EXERCISE. Leave the pictures in the listing below aside and reproduce exactly the lines starting with the one with "Hansen Snap Shot" and going on through the one with "Main Image - Prada", both ends included.

WORKING DATA.
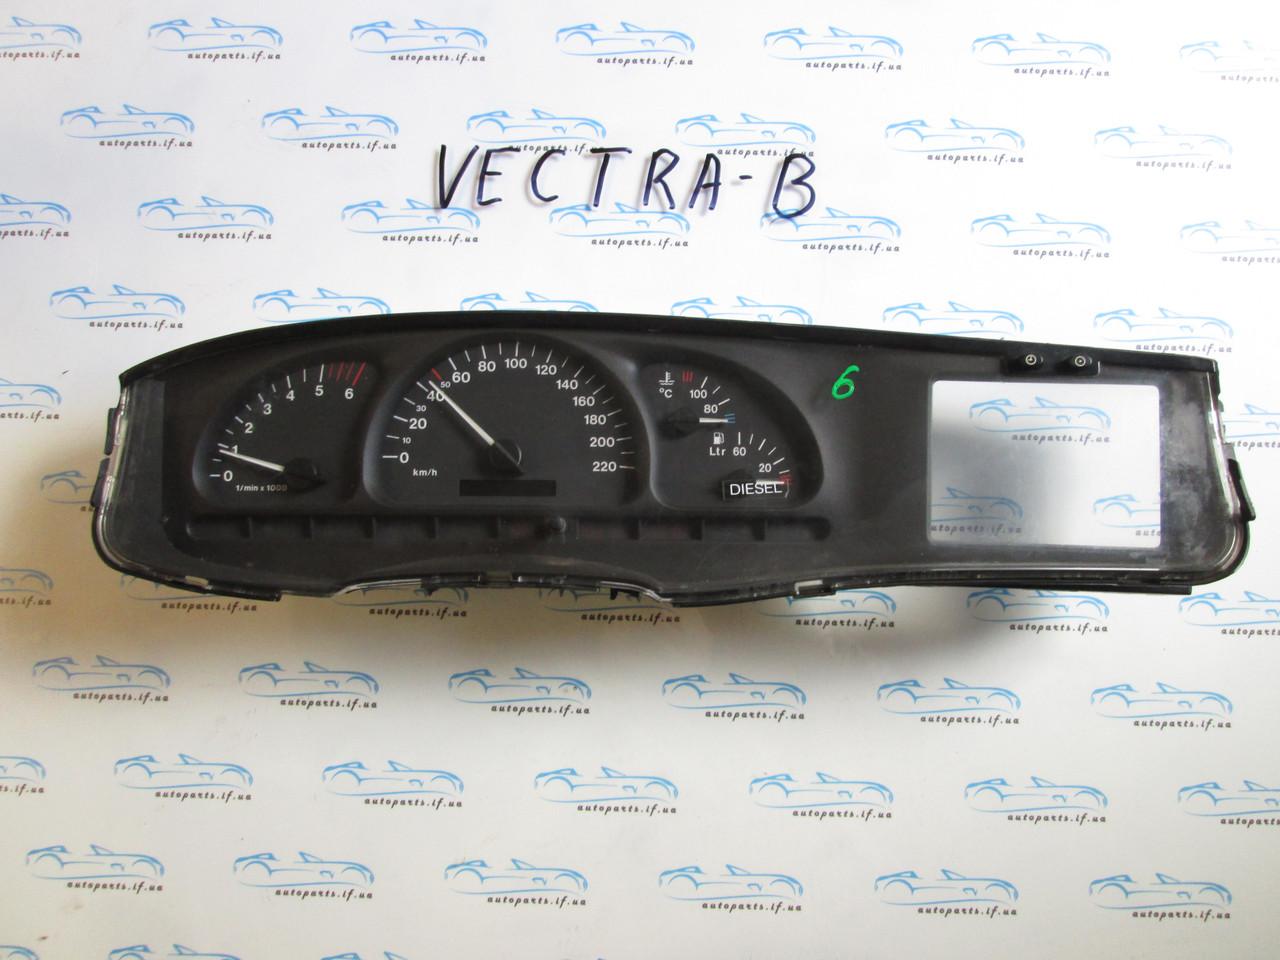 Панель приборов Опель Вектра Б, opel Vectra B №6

==

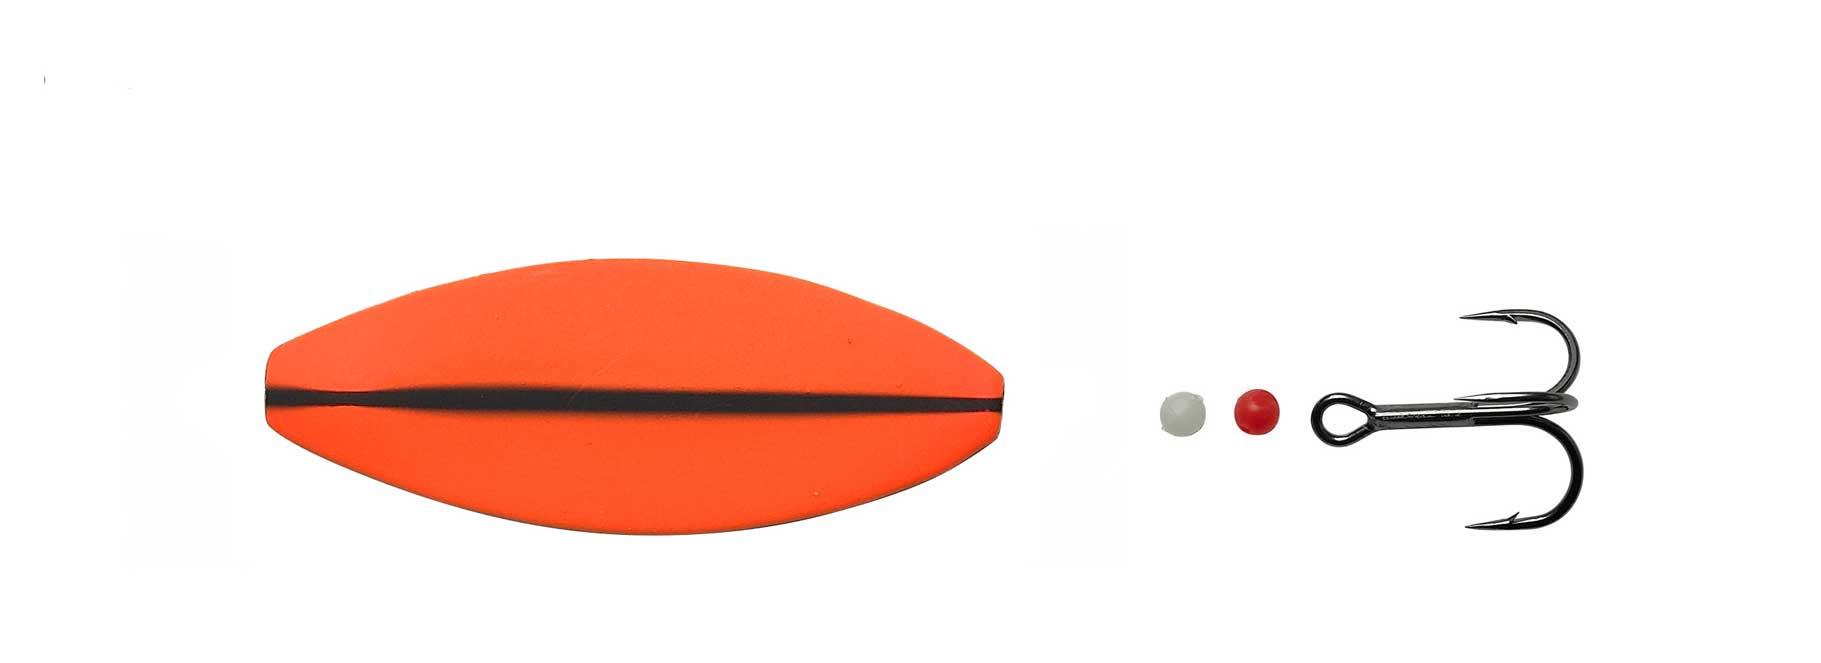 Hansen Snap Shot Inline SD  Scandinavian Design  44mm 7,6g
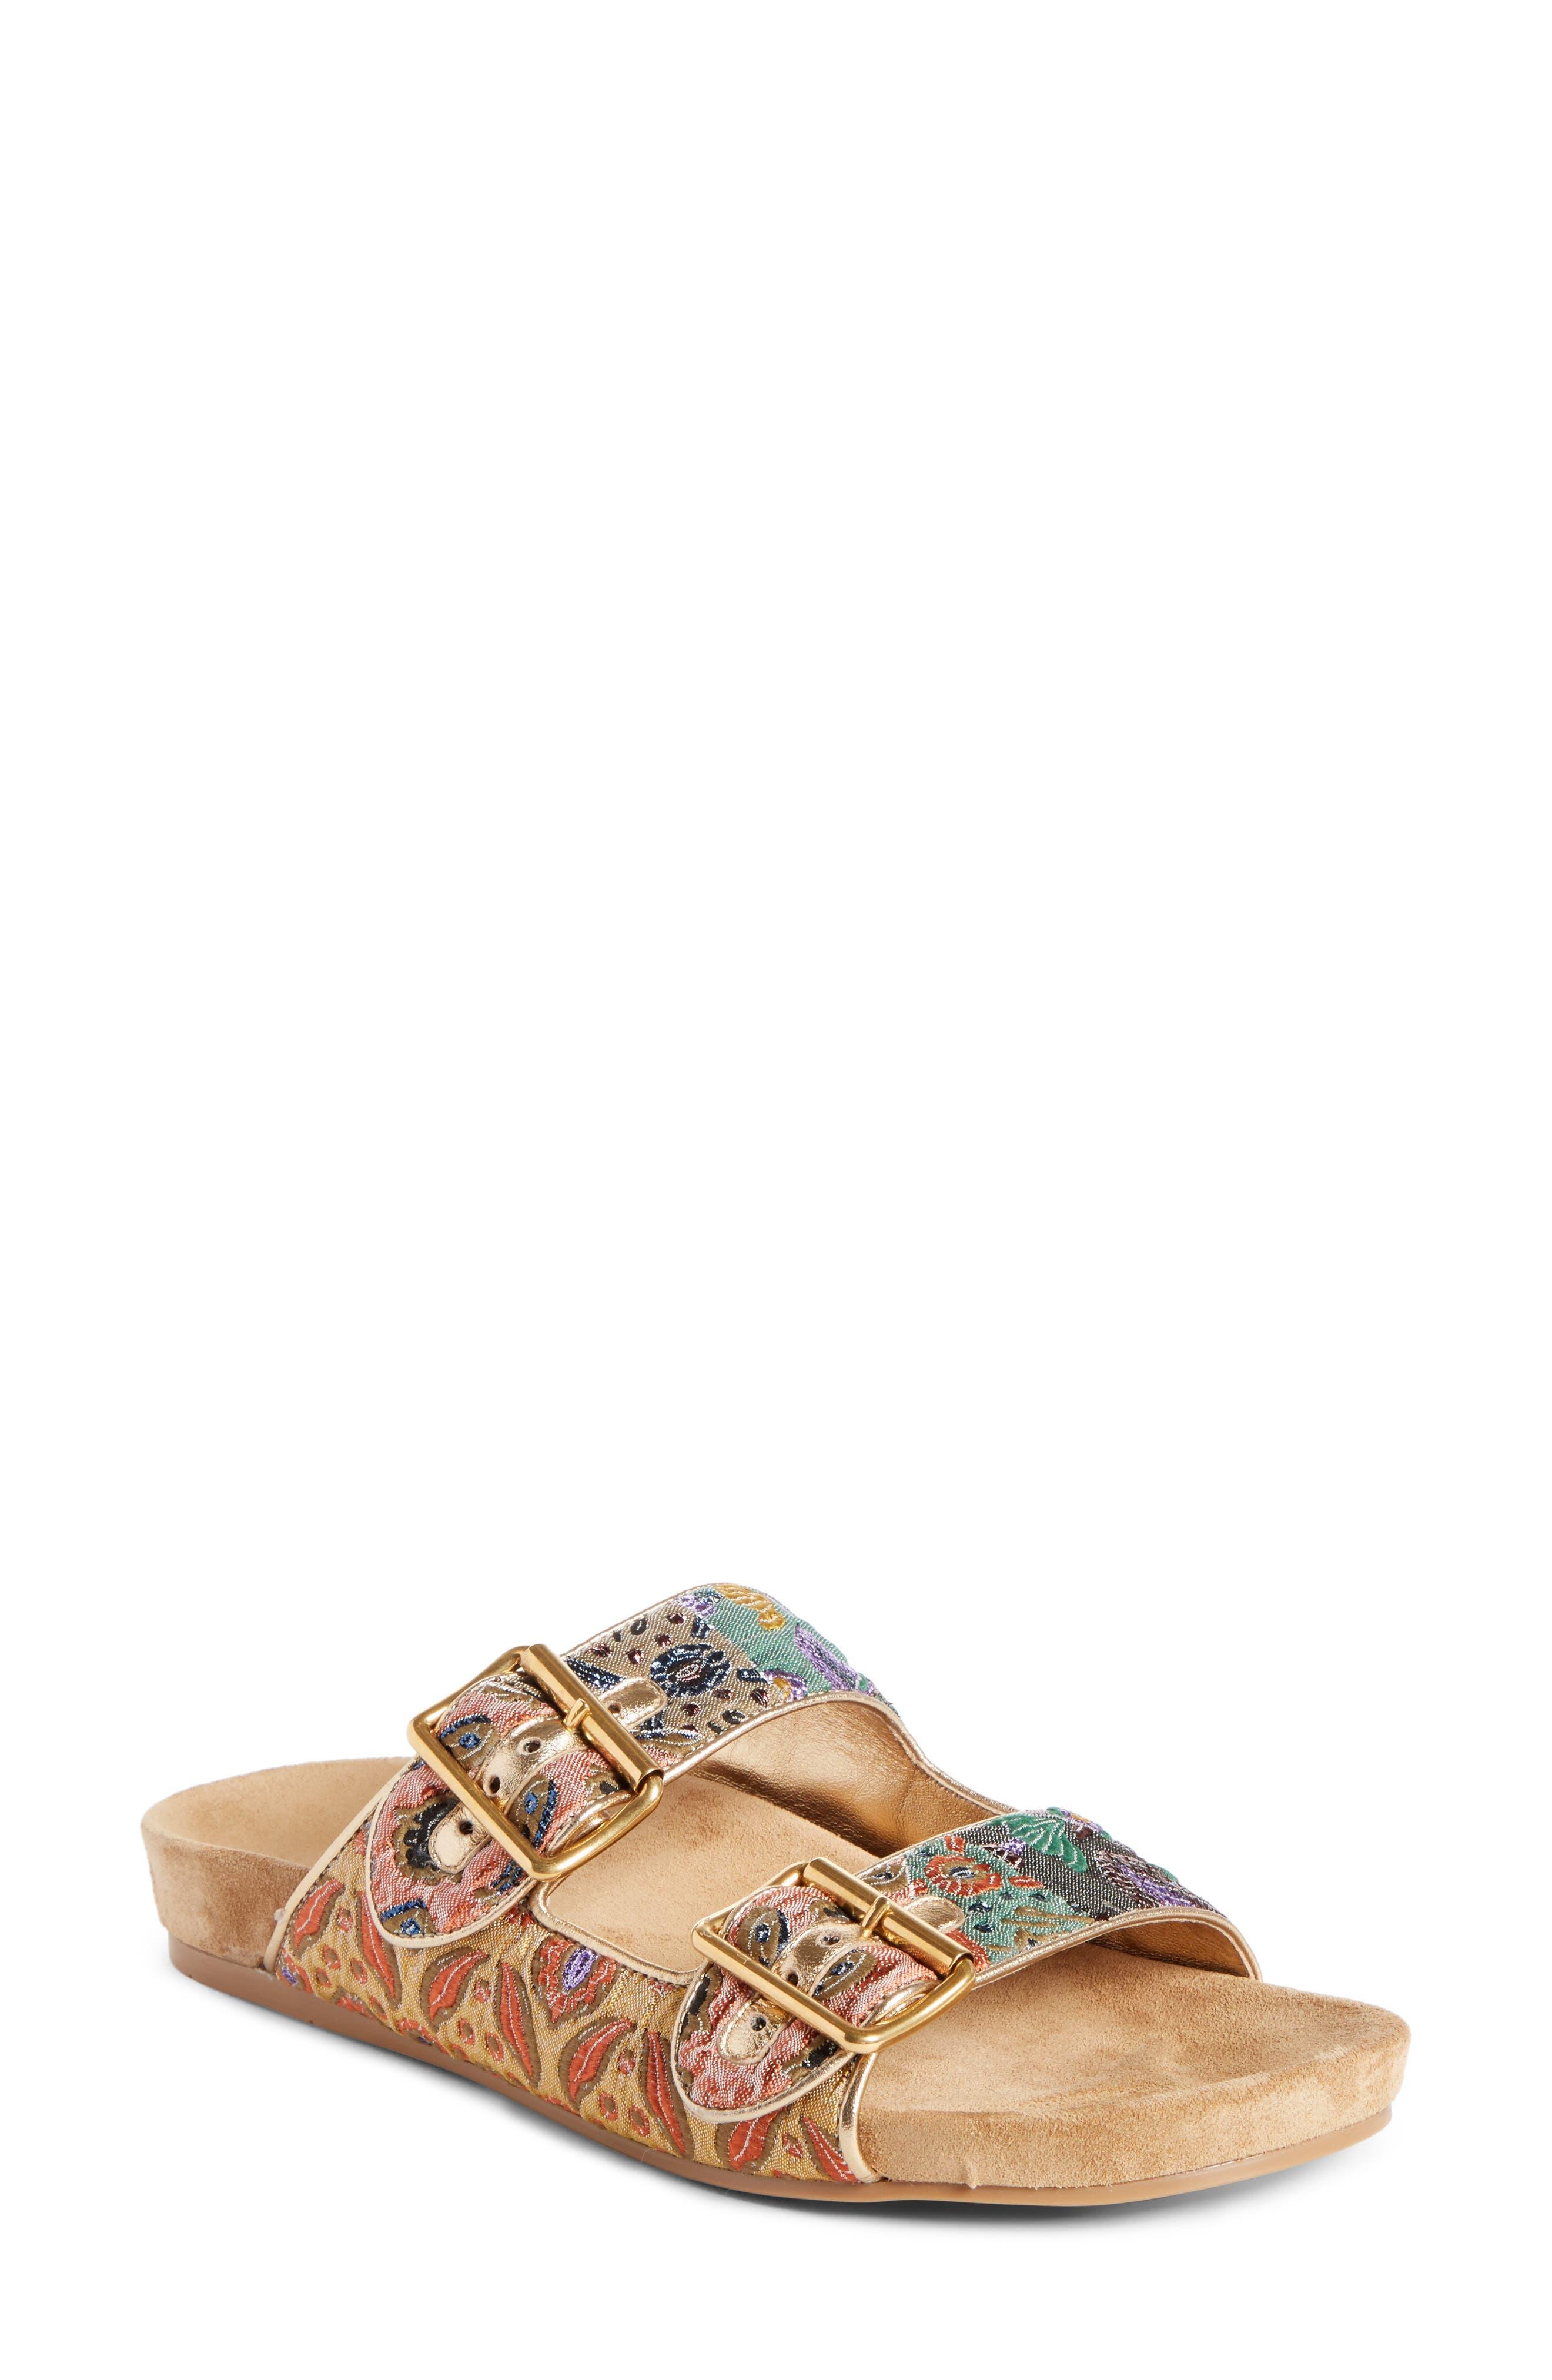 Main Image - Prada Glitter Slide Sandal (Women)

ANSWER SPACE.
 Hansen Snap Shot Inline SD  Scandinavian Design  44mm 7,6g
 Main Image - Prada Glitter Slide Sandal (Women)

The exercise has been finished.